La normalidad siempre se dicta desde arriba y es implacable. ¿Quién querría ser un desviado? Las personas se detestaban a sí mismas y detestaban a otras en una trampa tóxica de ida y vuelta, días y noches, dobles vidas. En esa frontera murió Rambal. Tal vez víctima de un hombre con reputación, tal vez de un pobre diablo con el que compartía calle y pobrezas. Quizás aún viva quien empuñó el cuchillo en la última página del drama.

Me pregunto cuántas veces murió Rambal antes de morir. Vecino servicial de día para sobrevivir sintiéndose útil, artista marginal de noche para dar salida a emociones prohibidas. Cuánto dolor detrás de su alegría militante, cuánto miedo tras la valentía de reivindicar su normalidad, cuánta desesperación en su malvivir, cuanta indignidad aguantada y llevada con dignidad, cuánto amor y desamor. Hay vidas convertidas en auténticos campos de minas.

Es verdad que, con la perspectiva de la distancia, Rambal es un personaje y su existencia una tragedia en tres actos grabada en nuestra memoria de ciudad. Libros y documentales han recreado ya la vida de este gijonés cuya heroicidad fue simplemente ser él mismo. Ello le convirtió en víctima permanente del sistema y definitiva de un desalmado que se cruzó en su camino, seguramente rebotado de parecidos miedos y frustraciones.
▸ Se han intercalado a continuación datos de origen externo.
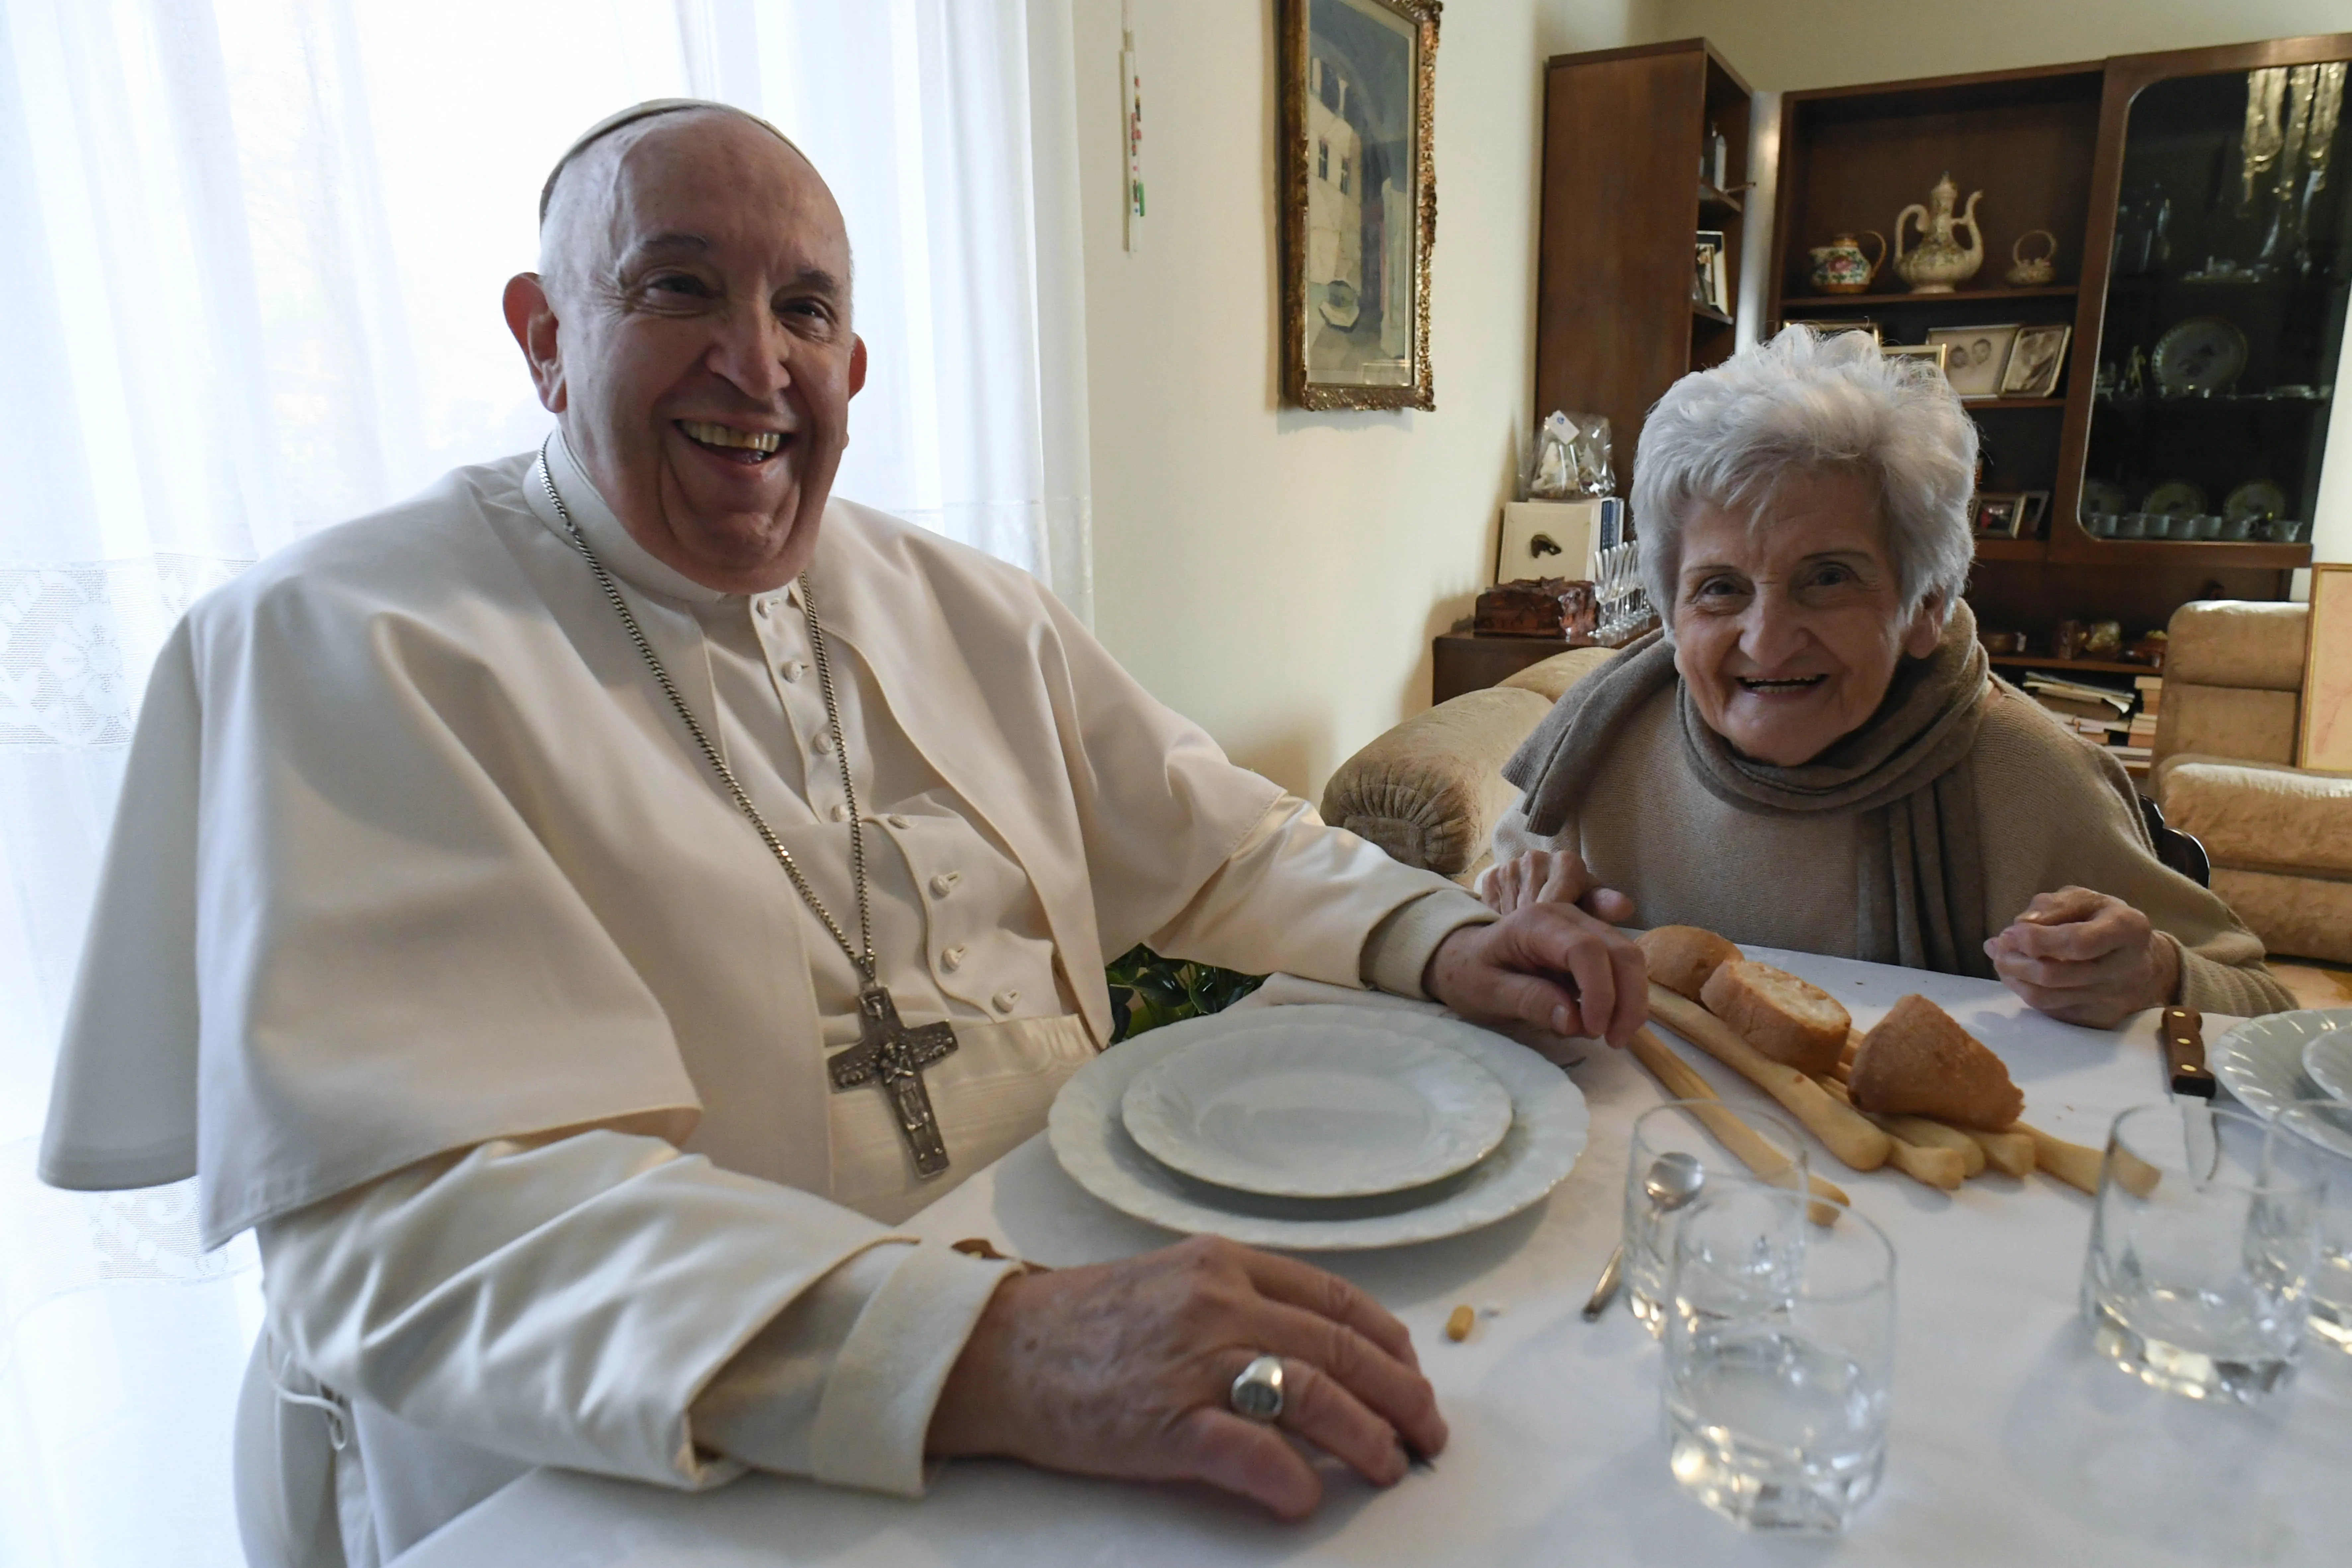 Pope Francis has lunch with his second cousin Carla Rabezzana at her home in Portacomaro, Italy on Nov. 19, 2022.?w=200&h=150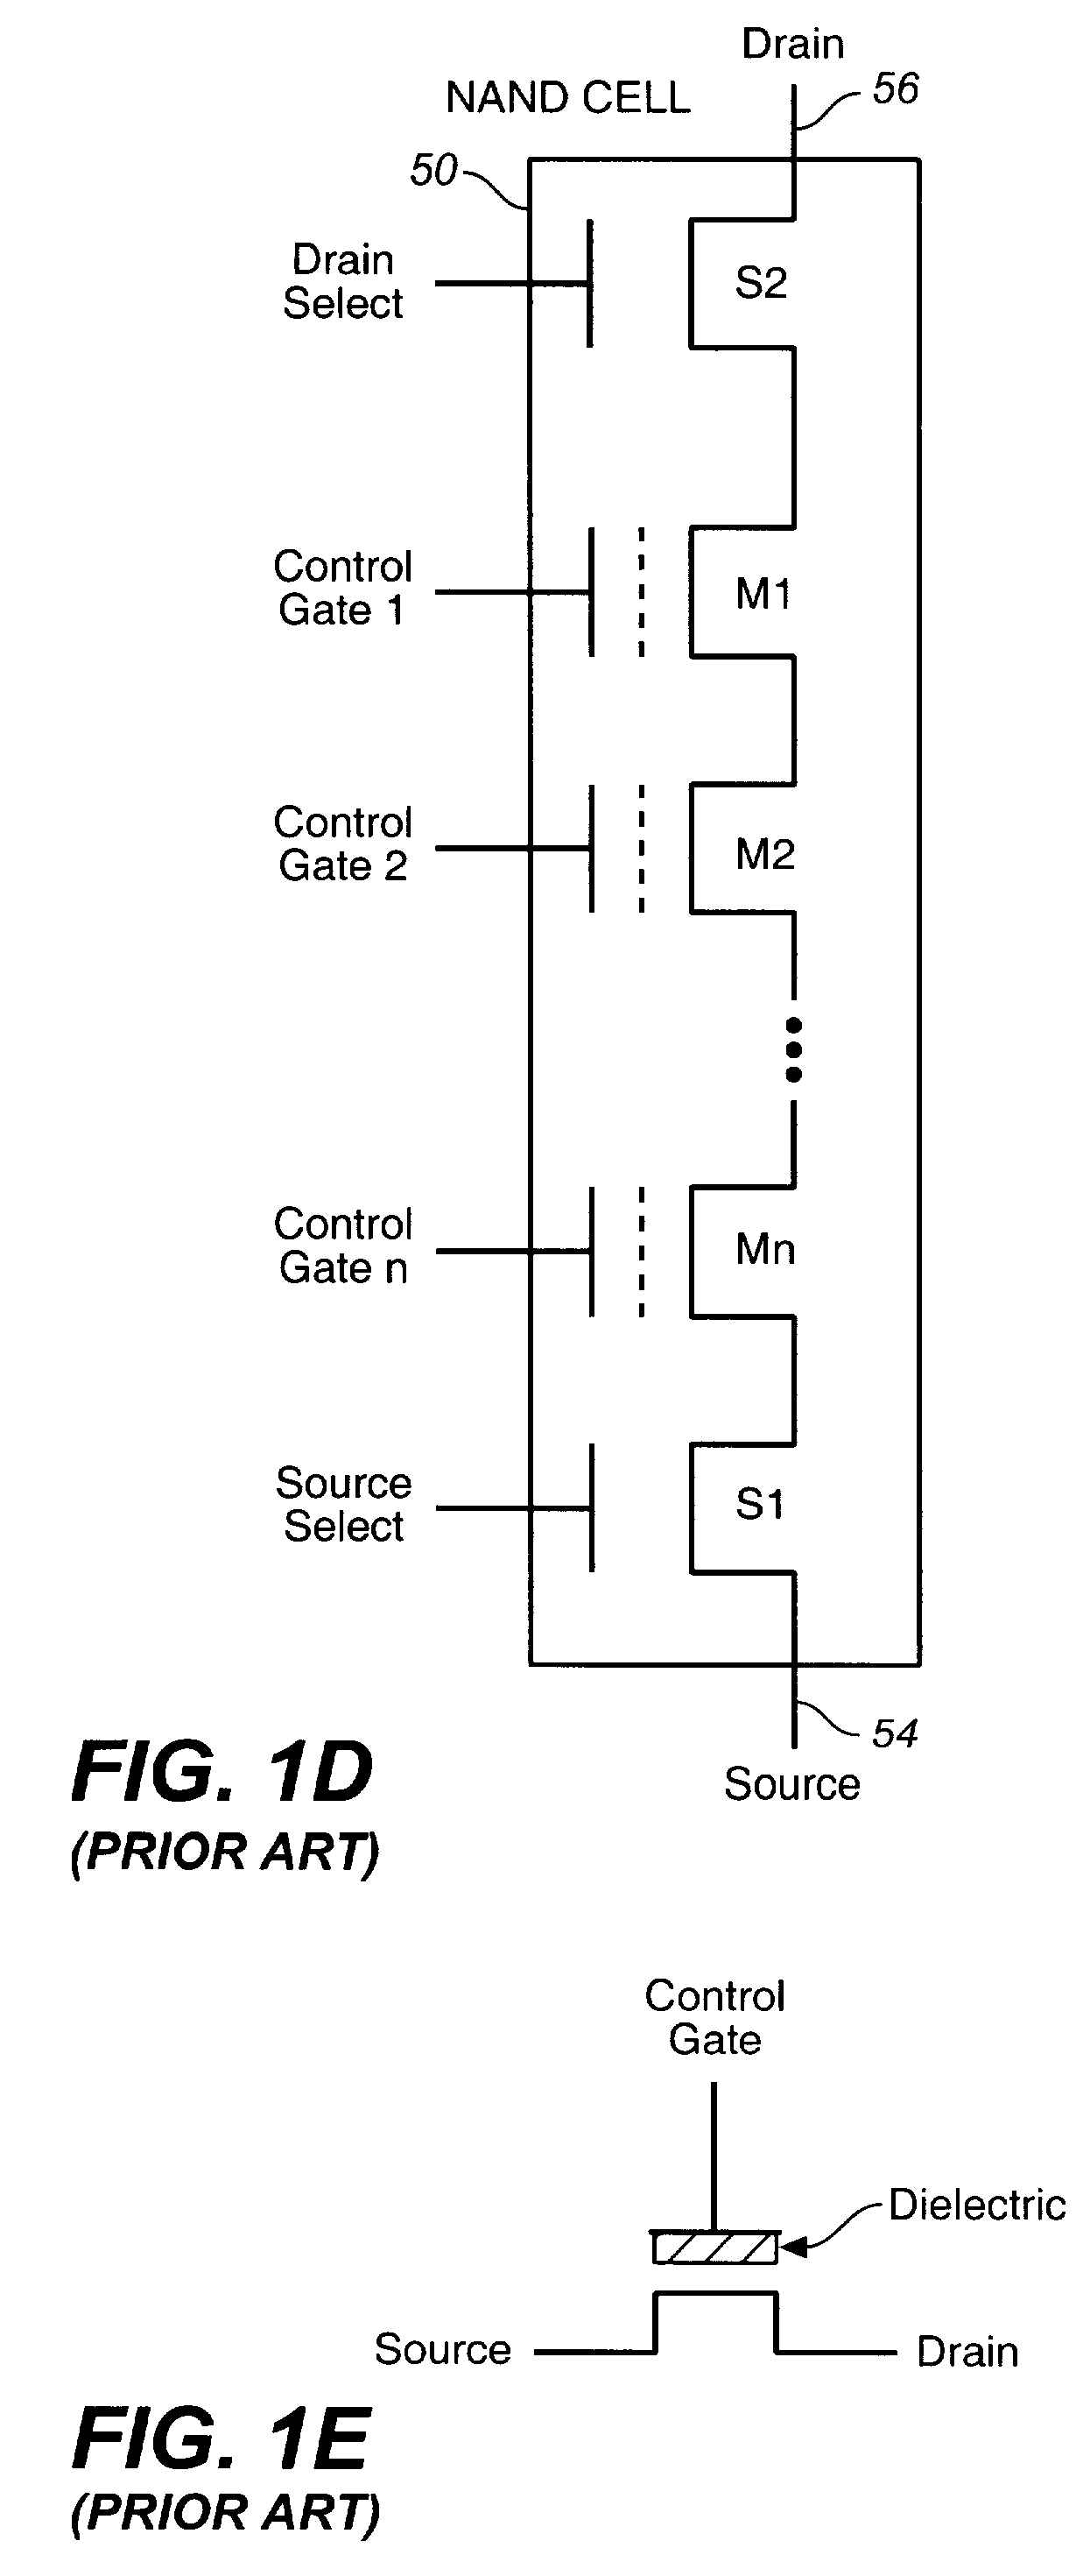 Use of data latches in cache operations of non-volatile memories

El bailarín gijonés Pablo Dávila ha puesto en marcha una iniciativa para que la antigua fábrica de Tabacalera, reconvertida en centro cultural, lleve el nombre de Rambal. En ocasiones la mirada limpia, la bendita ingenuidad de la juventud nos hace reparar en las injusticias endiabladas que dejamos que se perpetúen. Si al final -ojalá- esta propuesta se materializa, no habrá habido justicia humana para Rambal, pero sí poética.